Records for the exercise START

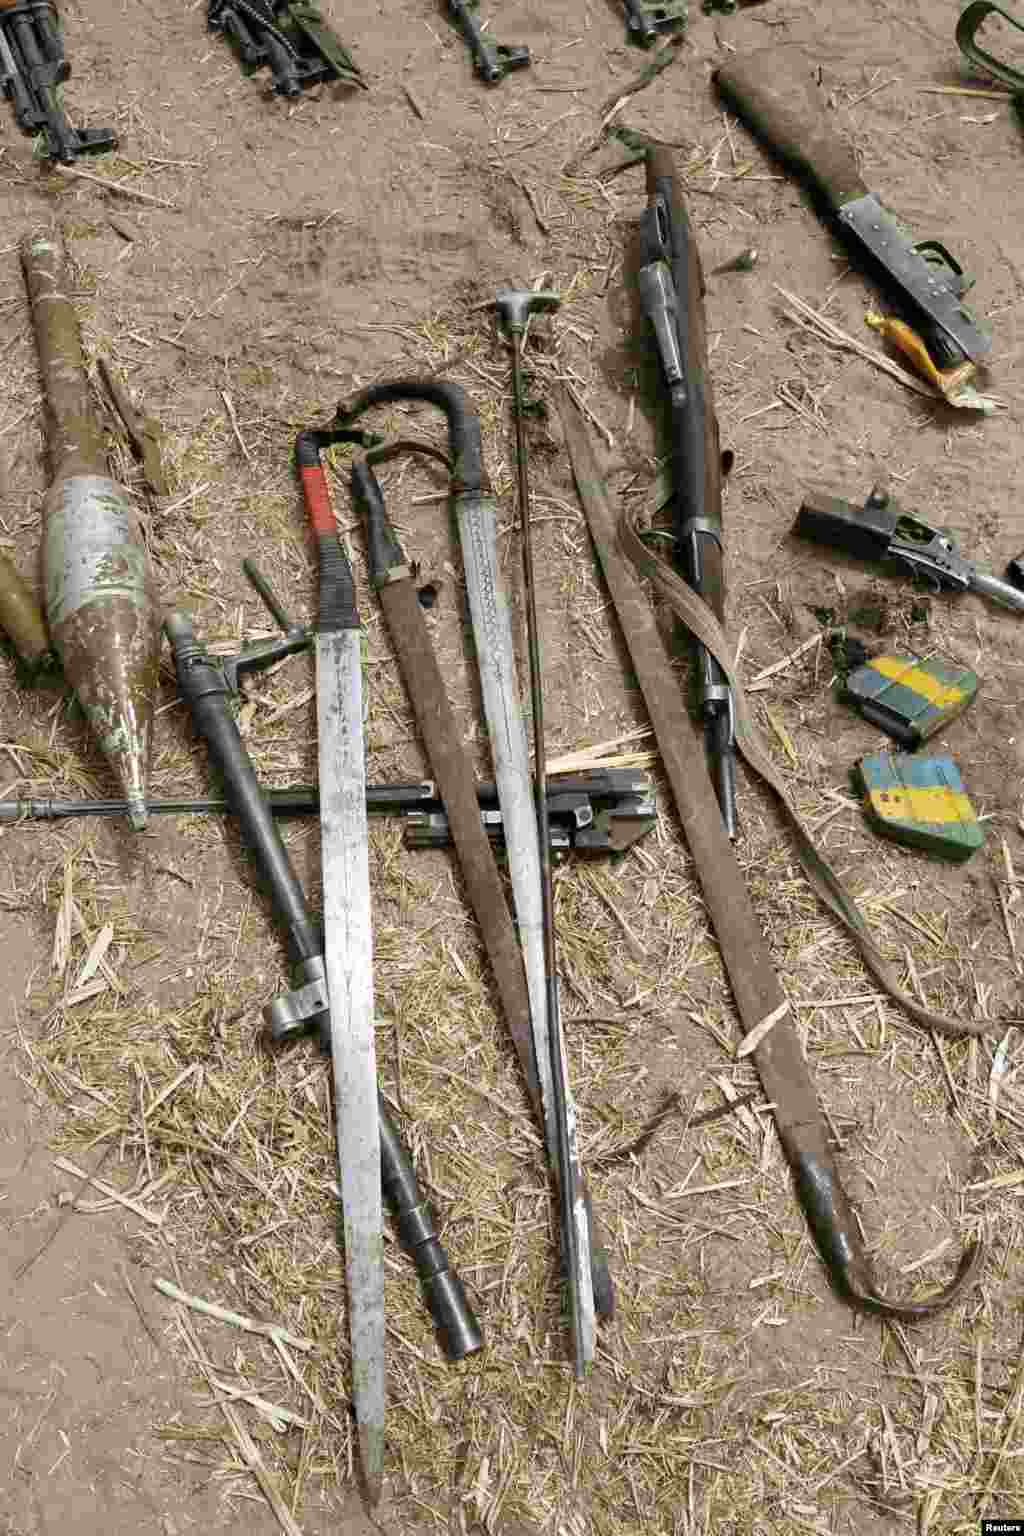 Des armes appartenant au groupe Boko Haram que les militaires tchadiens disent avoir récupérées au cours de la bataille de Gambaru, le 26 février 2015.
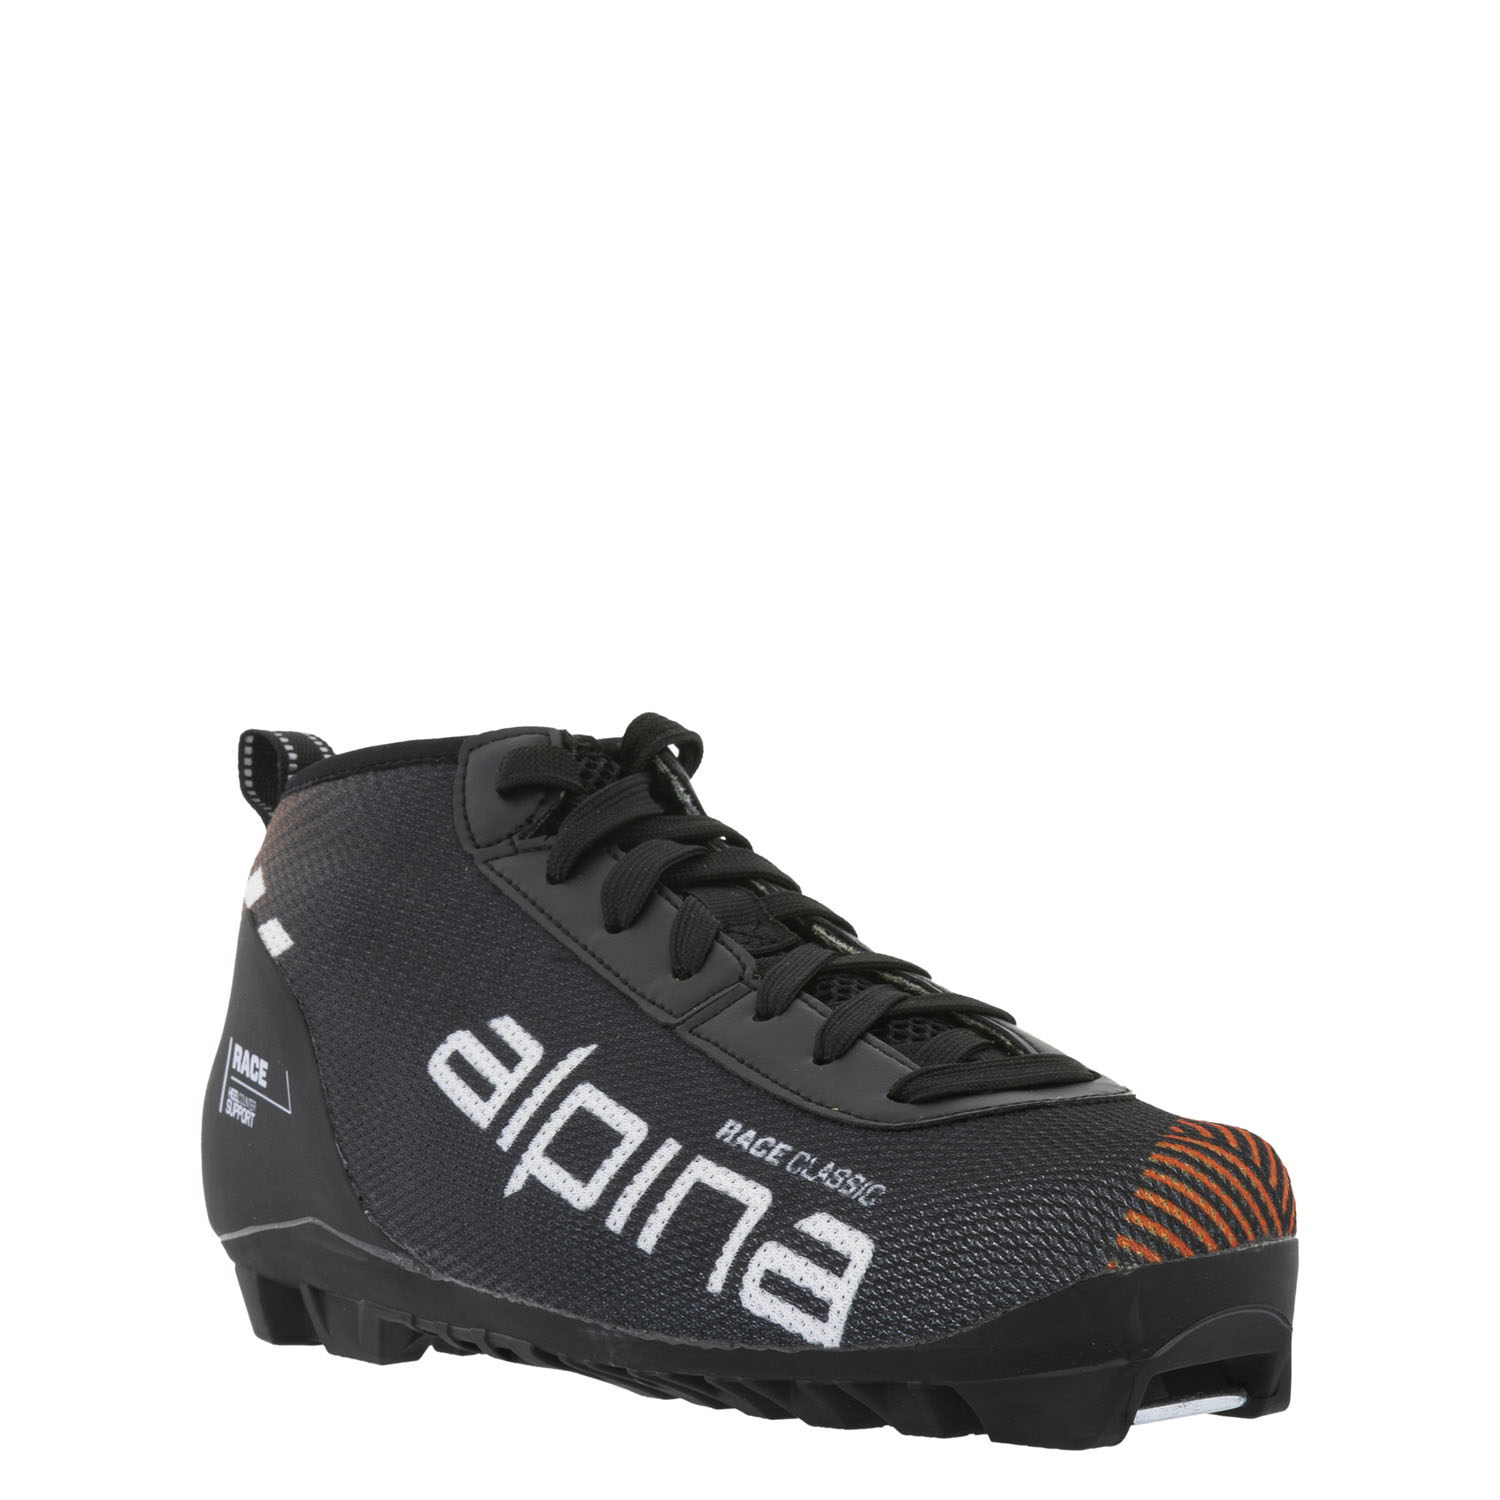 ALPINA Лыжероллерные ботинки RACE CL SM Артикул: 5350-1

Records for the exercise END
Records for the exercise START

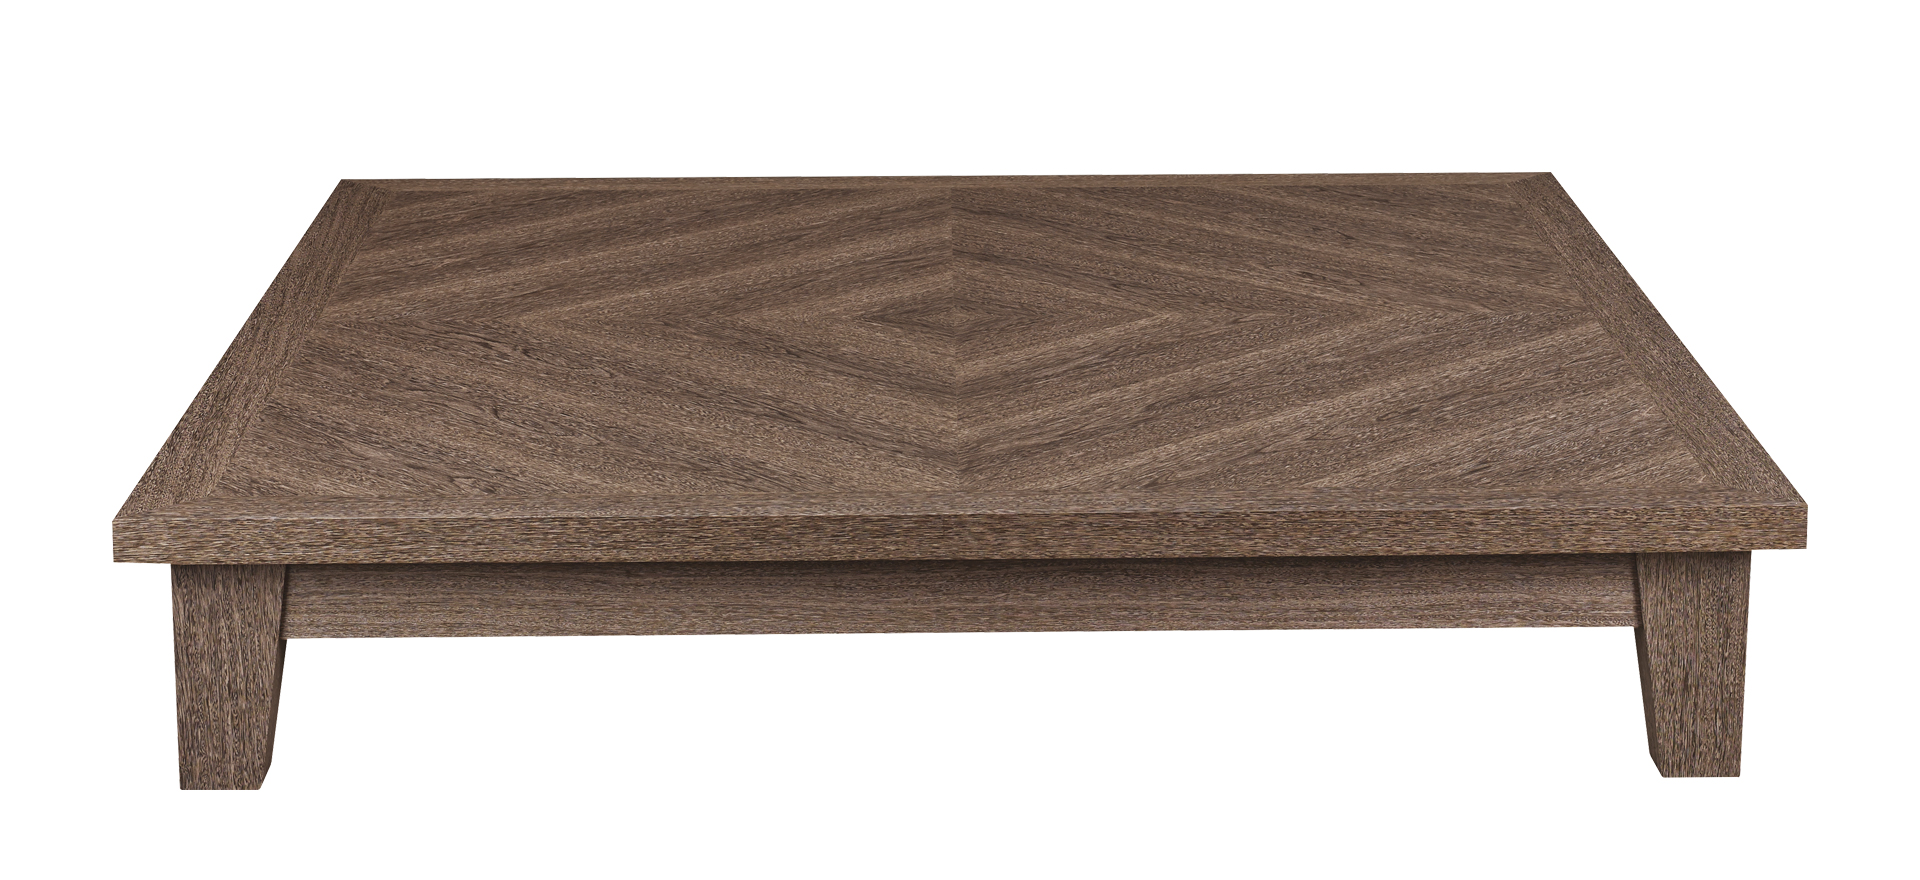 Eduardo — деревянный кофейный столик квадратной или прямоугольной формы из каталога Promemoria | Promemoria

Records for the exercise END
Records for the exercise START

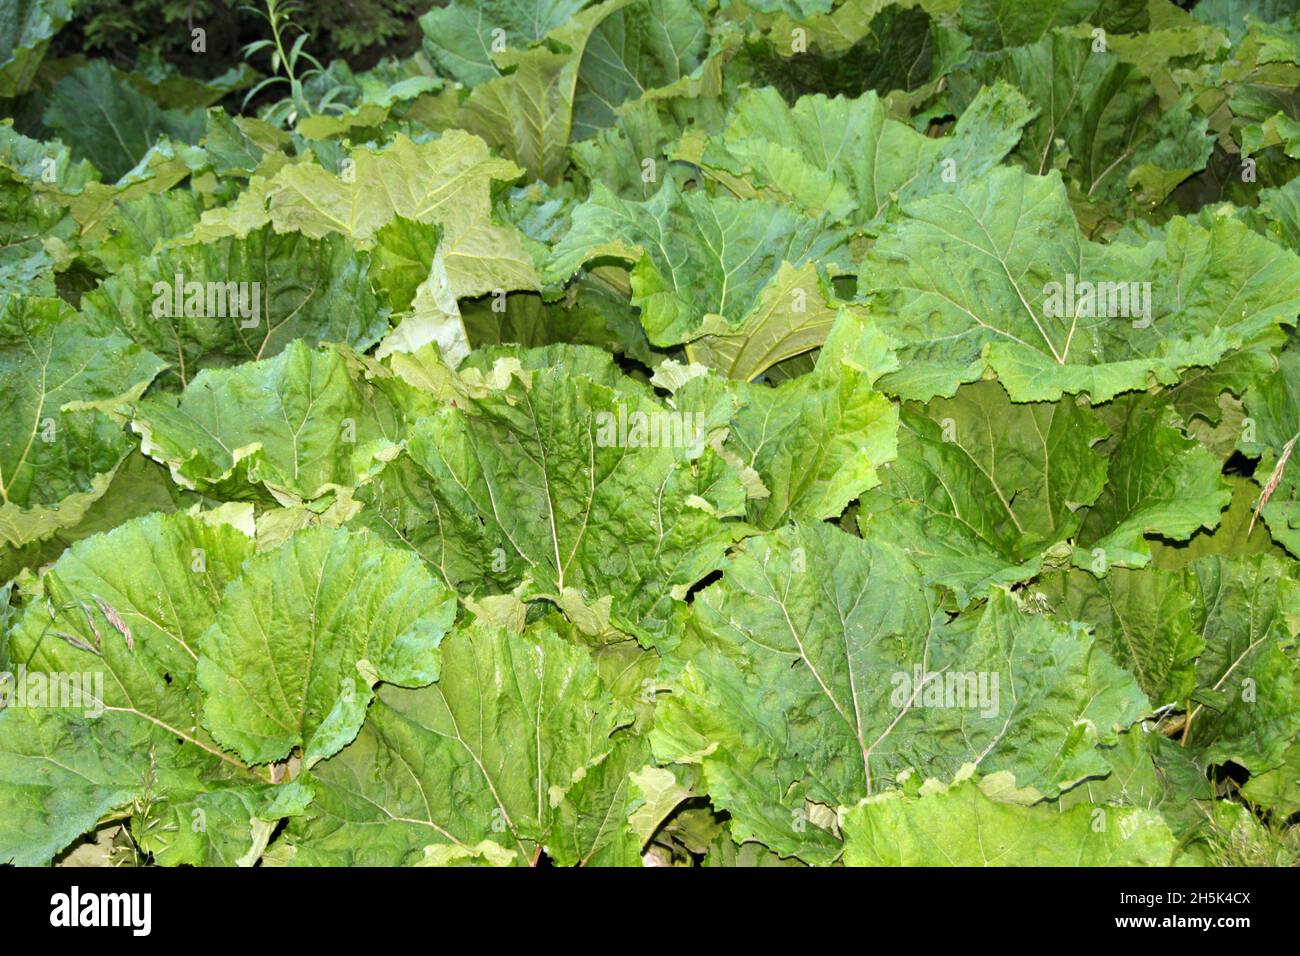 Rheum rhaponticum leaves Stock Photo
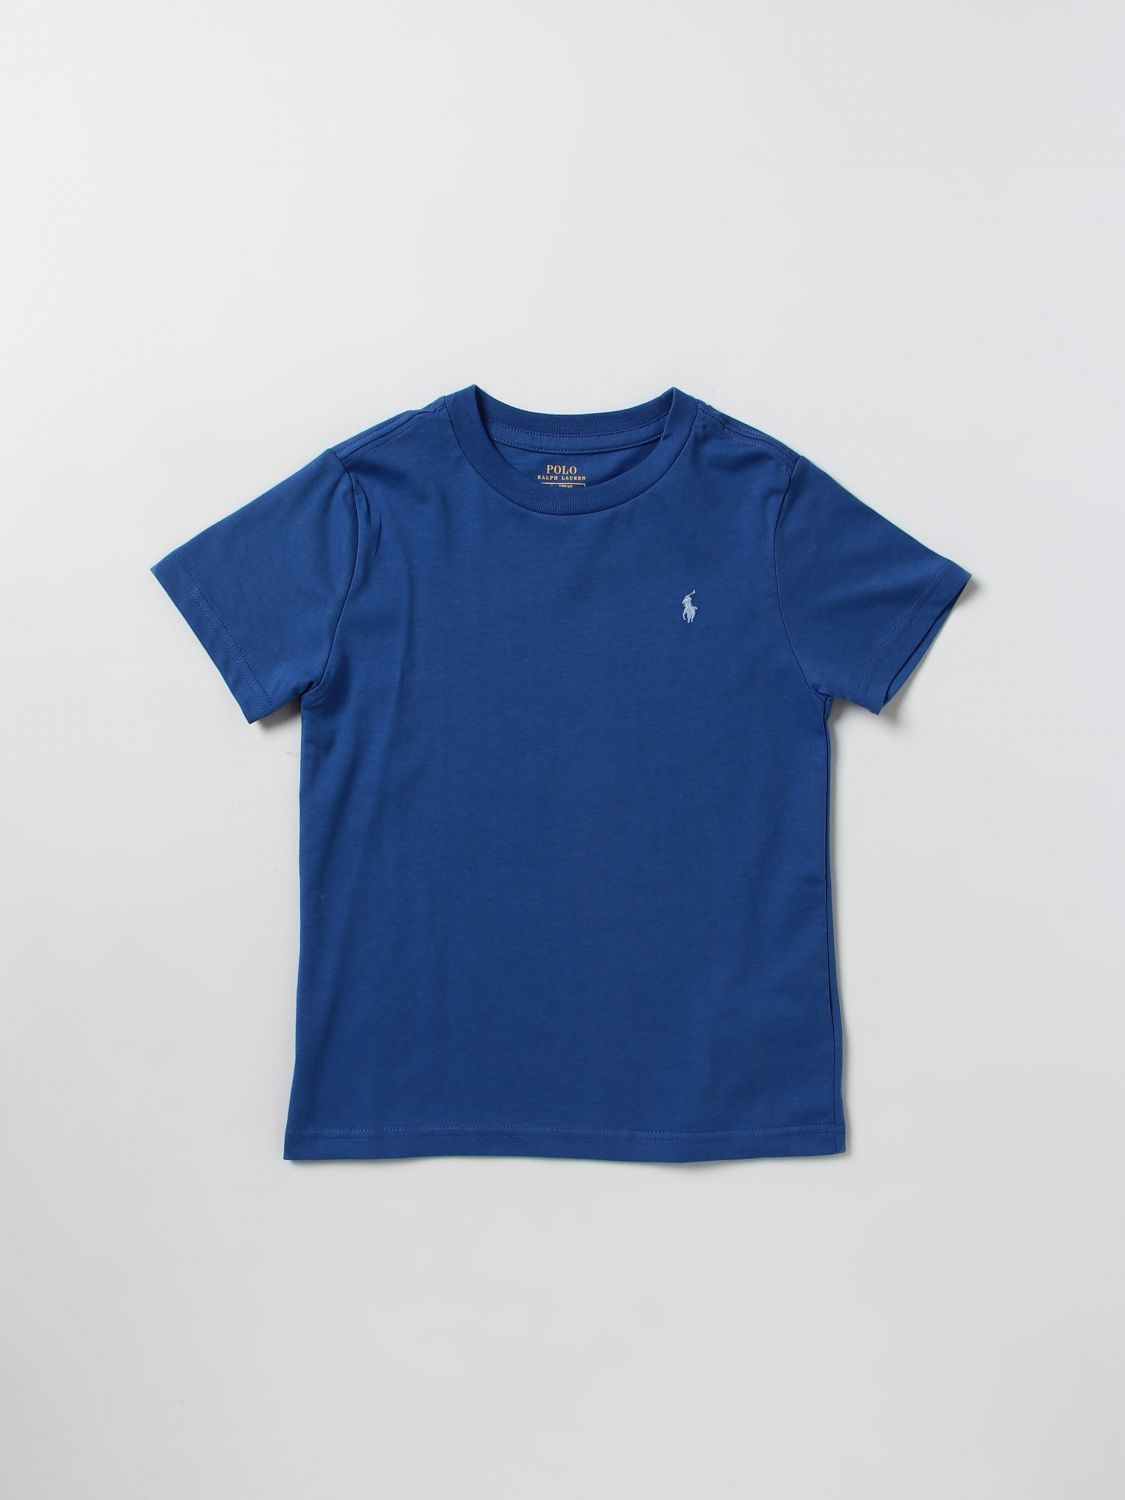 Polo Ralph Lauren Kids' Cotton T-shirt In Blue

Records for the exercise END

> _Task to carry out_
Beginning with the line that contains "Des armes appartenant", write out the lines of the material above exactly, and end with the line that contains "ALPINA Лыжероллерные ботинки". Omit the pictures.

> _Output for this task_
 Des armes appartenant au groupe Boko Haram que les militaires tchadiens disent avoir récupérées au cours de la bataille de Gambaru, le 26 février 2015.
 ALPINA Лыжероллерные ботинки RACE CL SM Артикул: 5350-1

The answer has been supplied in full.